▶ _TASK_:
Go through the entries below and copy every line that holds the word "City".

▶ _LISTED RECORDS_:
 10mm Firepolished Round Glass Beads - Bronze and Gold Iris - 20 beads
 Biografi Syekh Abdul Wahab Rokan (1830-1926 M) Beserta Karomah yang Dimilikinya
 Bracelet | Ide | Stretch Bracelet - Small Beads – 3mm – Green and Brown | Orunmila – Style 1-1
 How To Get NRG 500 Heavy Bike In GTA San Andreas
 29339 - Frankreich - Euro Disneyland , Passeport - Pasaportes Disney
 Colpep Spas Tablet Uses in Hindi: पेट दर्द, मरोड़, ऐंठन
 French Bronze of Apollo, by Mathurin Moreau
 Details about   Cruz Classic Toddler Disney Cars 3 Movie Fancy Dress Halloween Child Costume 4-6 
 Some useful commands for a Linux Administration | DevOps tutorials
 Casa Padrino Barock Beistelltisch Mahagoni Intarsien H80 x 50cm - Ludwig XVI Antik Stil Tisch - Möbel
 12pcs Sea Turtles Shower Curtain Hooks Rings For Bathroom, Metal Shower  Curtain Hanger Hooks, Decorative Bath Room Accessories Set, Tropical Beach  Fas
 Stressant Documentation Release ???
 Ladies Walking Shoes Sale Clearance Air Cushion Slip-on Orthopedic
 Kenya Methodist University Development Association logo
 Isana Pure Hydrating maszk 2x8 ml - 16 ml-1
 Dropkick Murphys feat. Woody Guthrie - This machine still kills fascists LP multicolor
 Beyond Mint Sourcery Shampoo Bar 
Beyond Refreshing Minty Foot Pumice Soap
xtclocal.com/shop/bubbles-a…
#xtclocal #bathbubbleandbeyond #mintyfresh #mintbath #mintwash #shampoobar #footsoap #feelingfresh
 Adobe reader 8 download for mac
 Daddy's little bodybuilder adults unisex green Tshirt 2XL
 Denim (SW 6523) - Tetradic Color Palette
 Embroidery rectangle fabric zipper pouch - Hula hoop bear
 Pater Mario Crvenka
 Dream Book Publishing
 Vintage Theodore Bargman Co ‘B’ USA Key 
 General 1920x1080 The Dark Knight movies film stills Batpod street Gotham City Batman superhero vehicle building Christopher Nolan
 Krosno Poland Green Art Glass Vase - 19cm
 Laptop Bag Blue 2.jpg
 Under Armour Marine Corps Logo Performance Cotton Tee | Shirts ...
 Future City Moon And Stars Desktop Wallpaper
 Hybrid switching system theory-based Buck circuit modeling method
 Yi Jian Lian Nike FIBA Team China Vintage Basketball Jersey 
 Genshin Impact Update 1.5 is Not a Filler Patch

▶ _SOLUTION FOR THIS PROBLEM_:
 General 1920x1080 The Dark Knight movies film stills Batpod street Gotham City Batman superhero vehicle building Christopher Nolan
 Future City Moon And Stars Desktop Wallpaper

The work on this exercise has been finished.